4.1 Deriving the Trajectory Equation
We use substitution to eliminate \(t\) between the two primary equations:
1. Horizontal: \(x = (V \cos \alpha) t\)
2. Vertical: \(y = (V \sin \alpha) t - \frac{1}{2} g t^2\)
Step-by-Step Derivation:
- From (1), isolate \(t\):
$$t = \frac{x}{V \cos \alpha}$$ - Substitute this expression for \(t\) into equation (2):
$$y = (V \sin \alpha) \left( \frac{x}{V \cos \alpha} \right) - \frac{1}{2} g \left( \frac{x}{V \cos \alpha} \right)^2$$ - Simplify the first term using \(\frac{\sin \alpha}{\cos \alpha} = \tan \alpha\):
$$y = x \tan \alpha - \frac{g x^2}{2 V^2 \cos^2 \alpha}$$ - Use the trigonometric identity \(\frac{1}{\cos^2 \alpha} = \sec^2 \alpha\) to write the equation in its standard form:
$$y = x \tan \alpha - \frac{g x^2 \sec^2 \alpha}{2 V^2}$$
What does the Trajectory Equation tell us?
The equation \(y = (x \tan \alpha) - (\text{constant}) x^2\) shows that the trajectory of a projectile is always a parabola (a quadratic shape).
You might need to use this derived equation if the problem involves finding:
- Whether the particle hits a target at position \((x, y)\).
- The angle \(\alpha\) or initial velocity \(V\) required to pass through a specific point.
Analogy: Imagine throwing a basketball. The trajectory equation is like a detailed map of the path the ball takes, while the Time of Flight and Range are just specific points on that map.
Section 5: Advanced Projectile Problems
5.1 Finding Velocity at any Time
To find the velocity \(\mathbf{v}\) at any time \(t\), you need to calculate both the horizontal and vertical velocity components.
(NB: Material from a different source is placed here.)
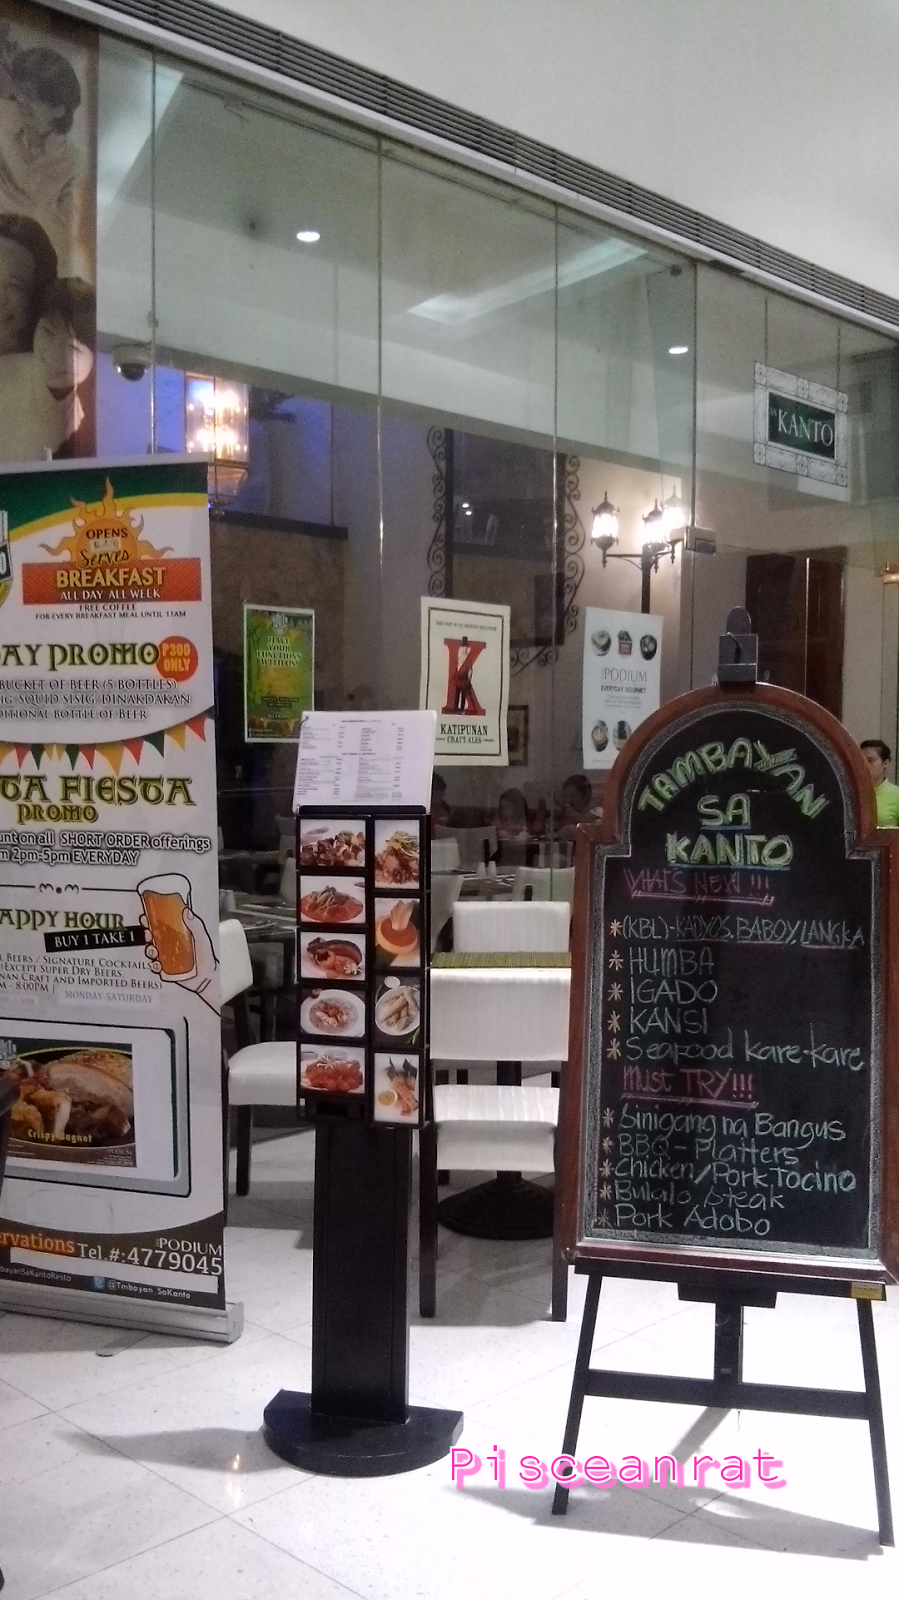 tambayan sa kanto authentic regional cuisine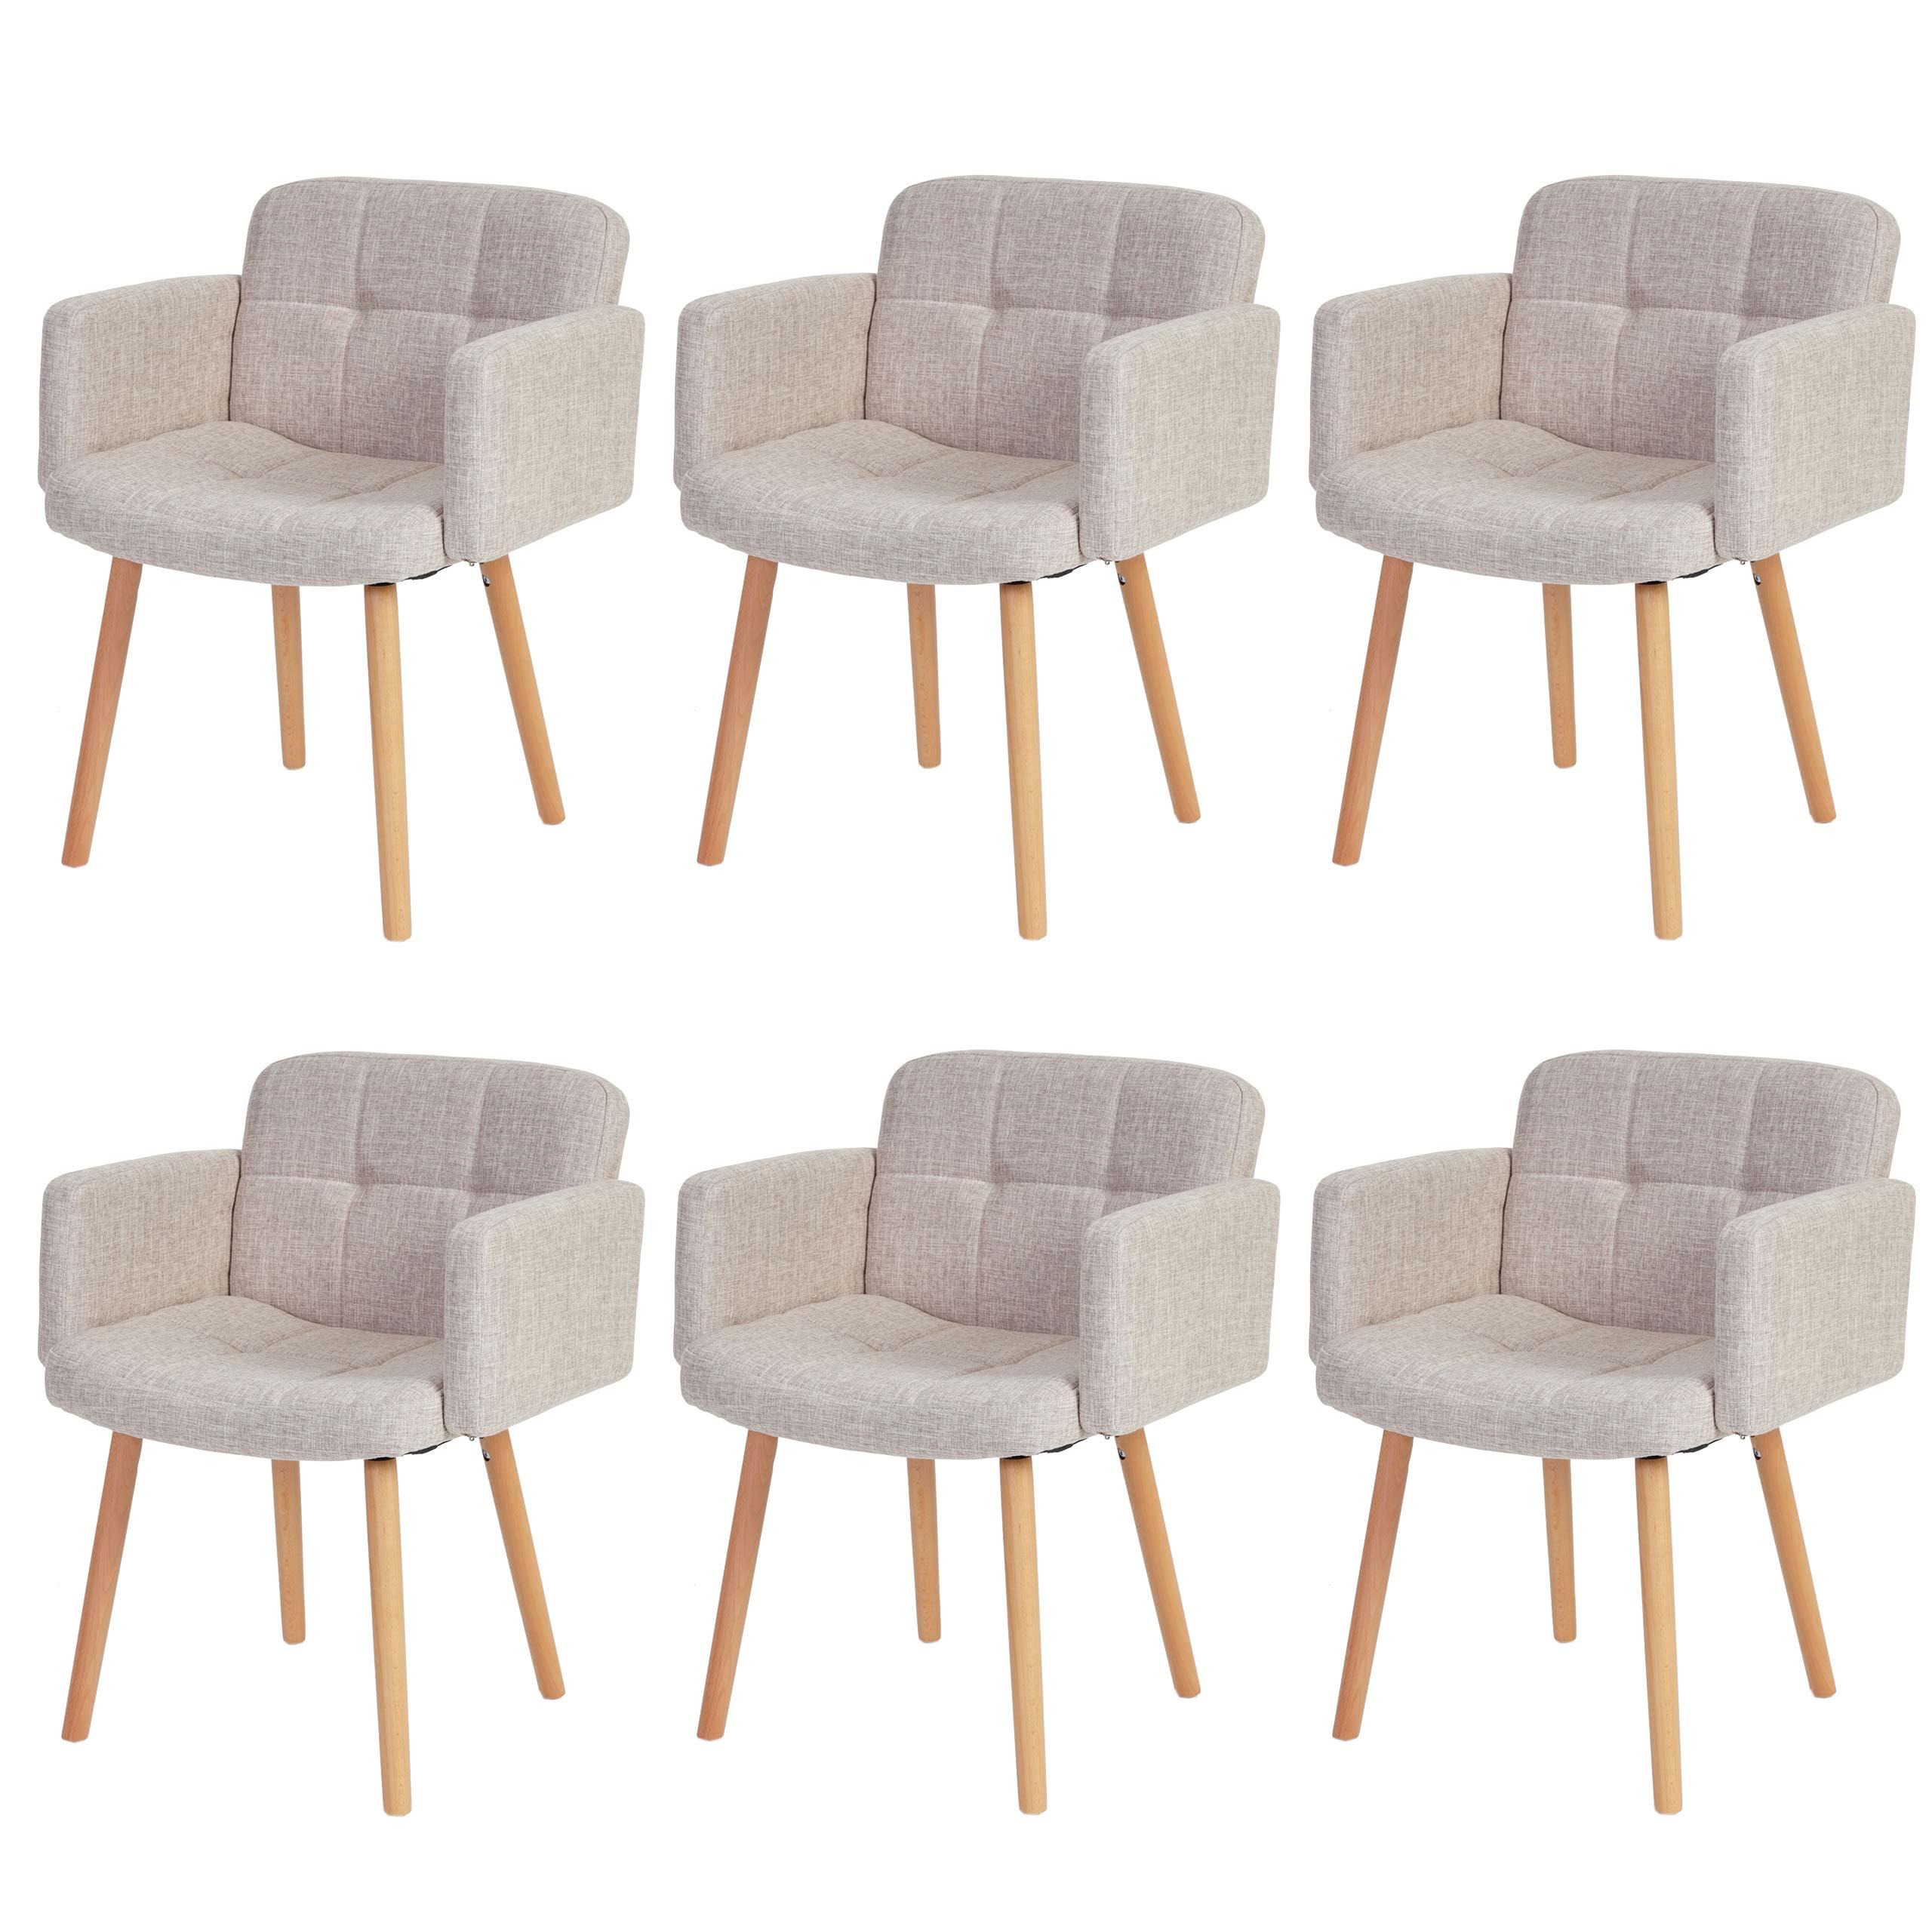 6x esszimmerstuhl houston ii lehnstuhl retro design textil creme grau ebay. Black Bedroom Furniture Sets. Home Design Ideas

- Horizontal Velocity (\(v_x\)): Since \(a_x = 0\), this is always constant:
$$v_x = V \cos \alpha$$ - Vertical Velocity (\(v_y\)): Use \(v = u + at\):
$$v_y = V \sin \alpha - g t$$
The resultant speed \(|\mathbf{v}|\) is found using Pythagoras:
$$|\mathbf{v}| = \sqrt{v_x^2 + v_y^2}$$
The direction \(\beta\) (angle with the horizontal) is found using trigonometry:
$$\tan \beta = \frac{|v_y|}{|v_x|}$$
5.2 Solving Non-Standard Problems
Some problems involve starting from a height (e.g., throwing a ball off a cliff).
For a struggling student, always go back to the basic definitions:
- Resolve V: Find \(u_x\) and \(u_y\).
- Define the Origin: Usually the point of launch \((0, 0)\).
- Set up Y: If the particle lands below the origin, its final vertical displacement \(y\) will be negative. This is the key difference!
- Use Time: Solve the vertical equation for time \(t\), and then substitute that time into the horizontal equation \(x = (V \cos \alpha) t\).
Memory Aid: SUVAT Check
When you are solving a tricky problem, mentally checklist your SUVAT inputs for the vertical direction:
U (Initial Velocity): \(V \sin \alpha\)
V (Final Velocity): Use only if known (e.g., \(v_y=0\) at peak).
A (Acceleration): \(-g\) (if upward is positive)
T (Time): The link!
Key Takeaway: All projectile problems, no matter how complex, boil down to correctly applying constant acceleration principles separately to the horizontal and vertical directions. Time is the bridge!